*** Opening Data section ***

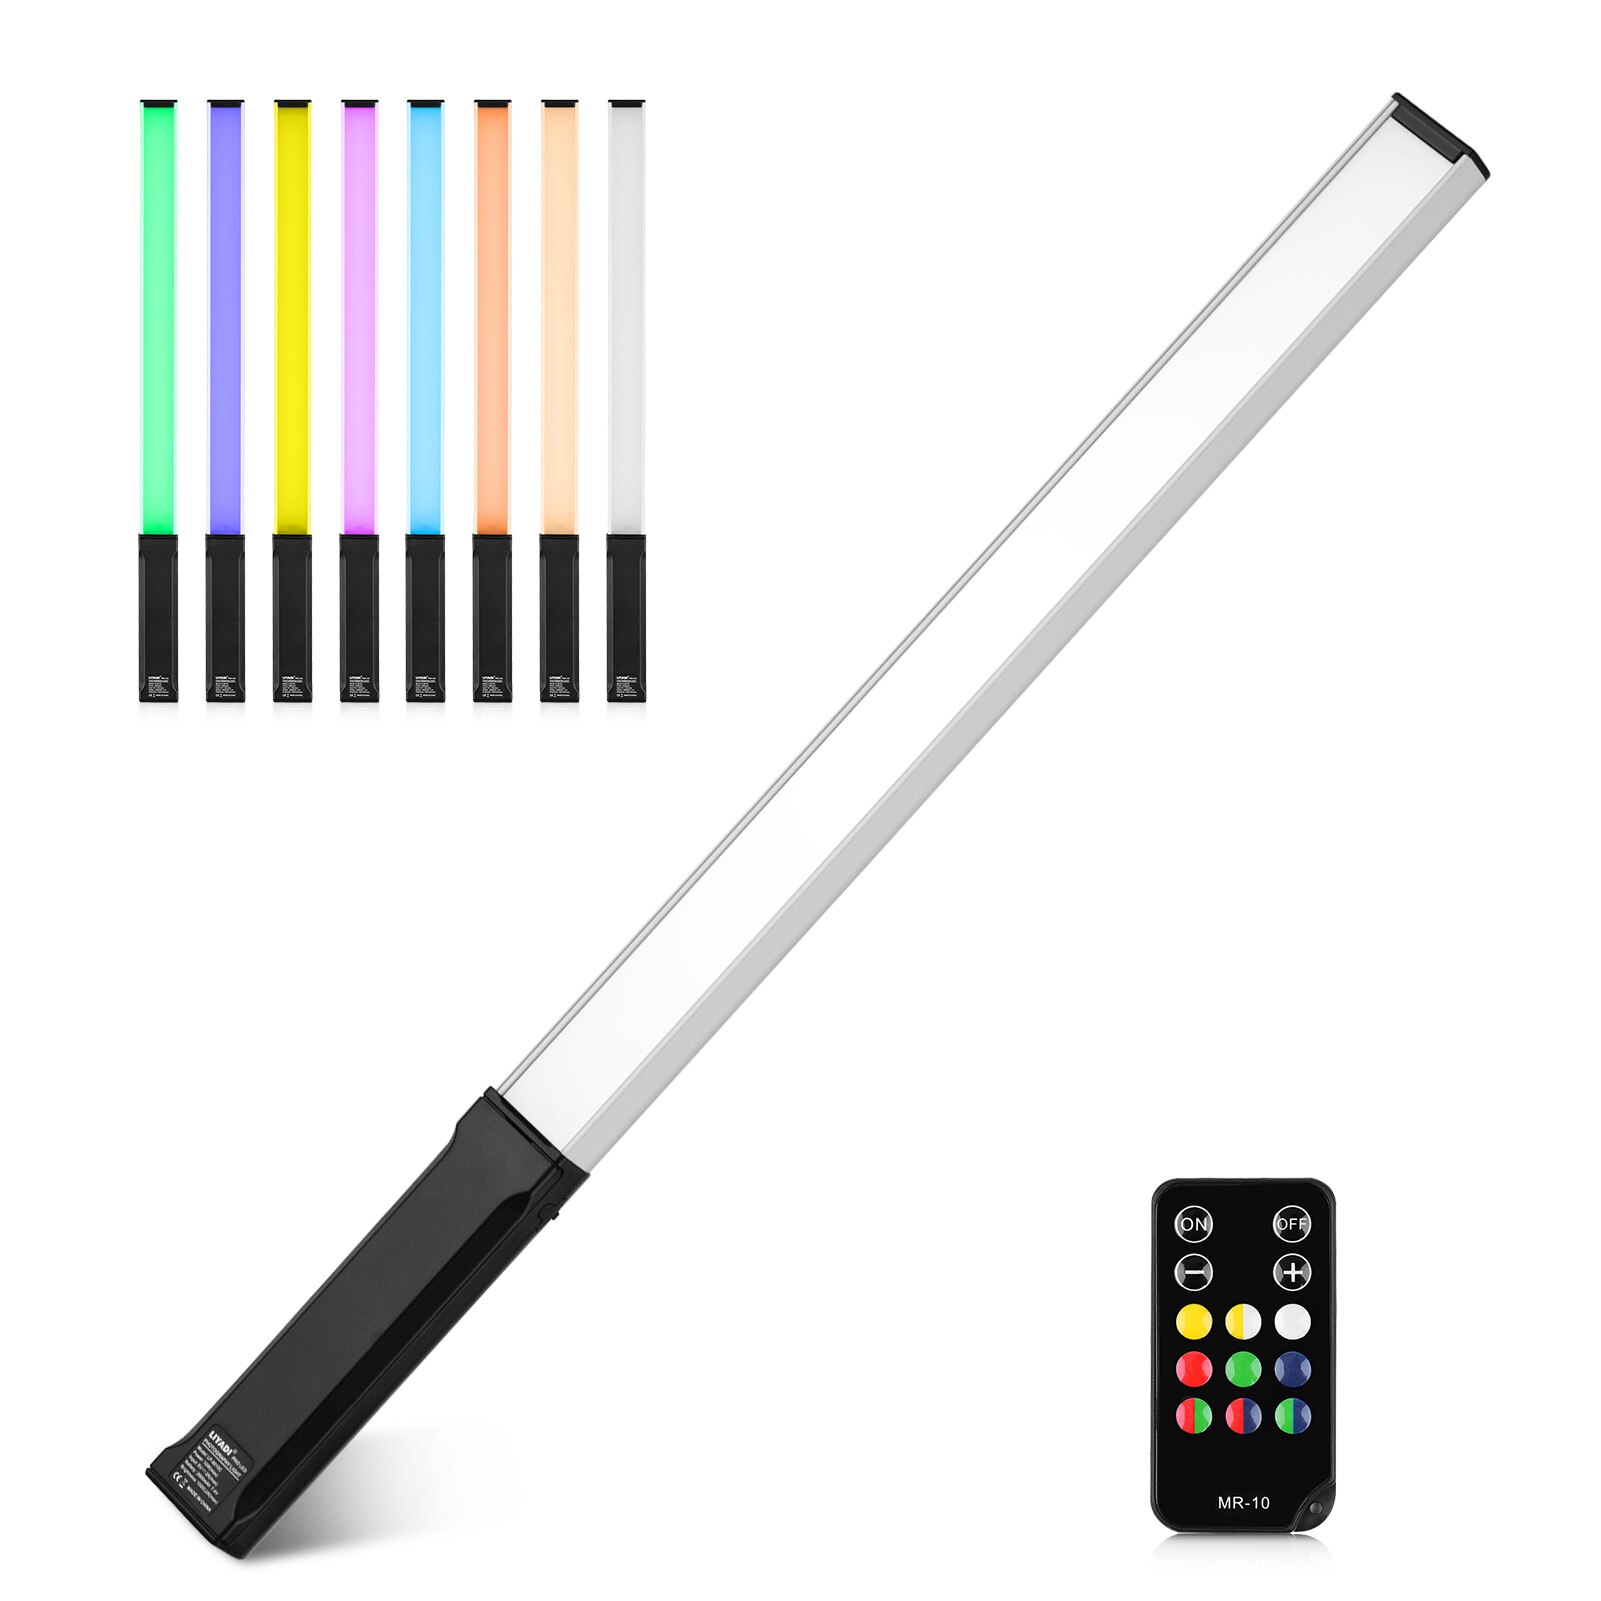 RGB Handheld LED Light Wand Rechargeable Photography Light Stick 10 Lighting Modes 12 Brightness Levels 1000 Lumens 3200-5600K
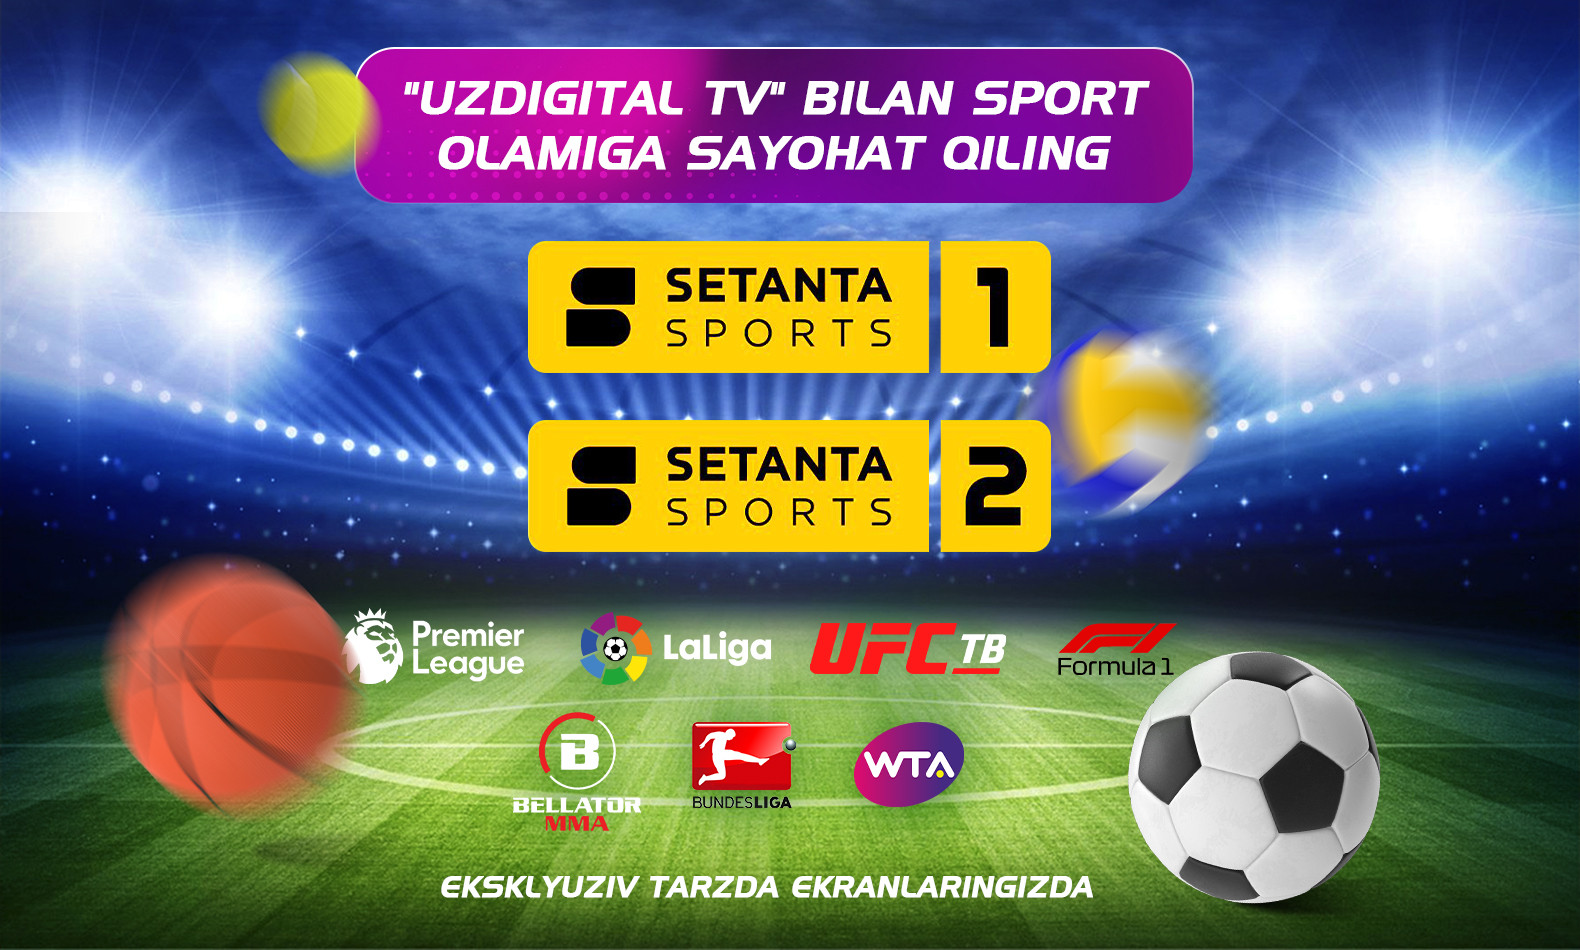 Setanta sports 1 программа. Setanta Sports 3. Setanta Sport all. Setanta Sports 1 2 logo. O'zbekiston telekanallari Sport.
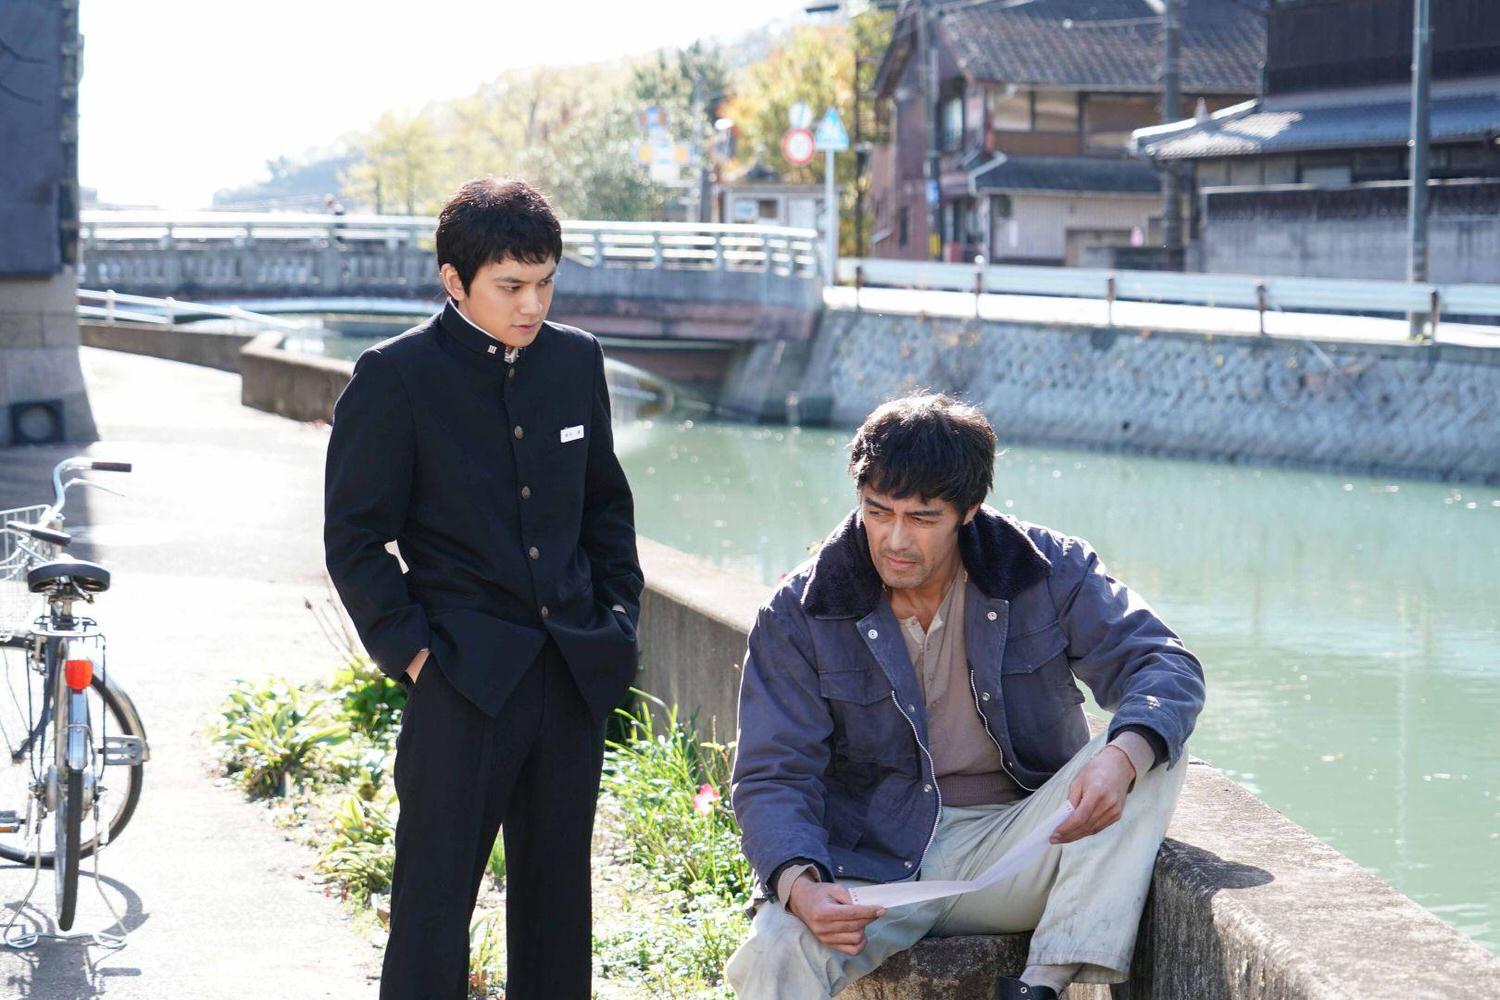 電影【鳶】 TONBI：Father and Son（日語：とんび）是一部2022年上映的日本劇情片，改編自重松清的暢銷經典小說《父子情深》

*** Closing Data section ***

> **Your task**
Restate the listing word for word, pictures excluded.

> **Task response**
 RGB Handheld LED Light Wand Rechargeable Photography Light Stick 10 Lighting Modes 12 Brightness Levels 1000 Lumens 3200-5600K
 Setanta sports 1 программа. Setanta Sports 3. Setanta Sport all. Setanta Sports 1 2 logo. O'zbekiston telekanallari Sport.
 電影【鳶】 TONBI：Father and Son（日語：とんび）是一部2022年上映的日本劇情片，改編自重松清的暢銷經典小說《父子情深》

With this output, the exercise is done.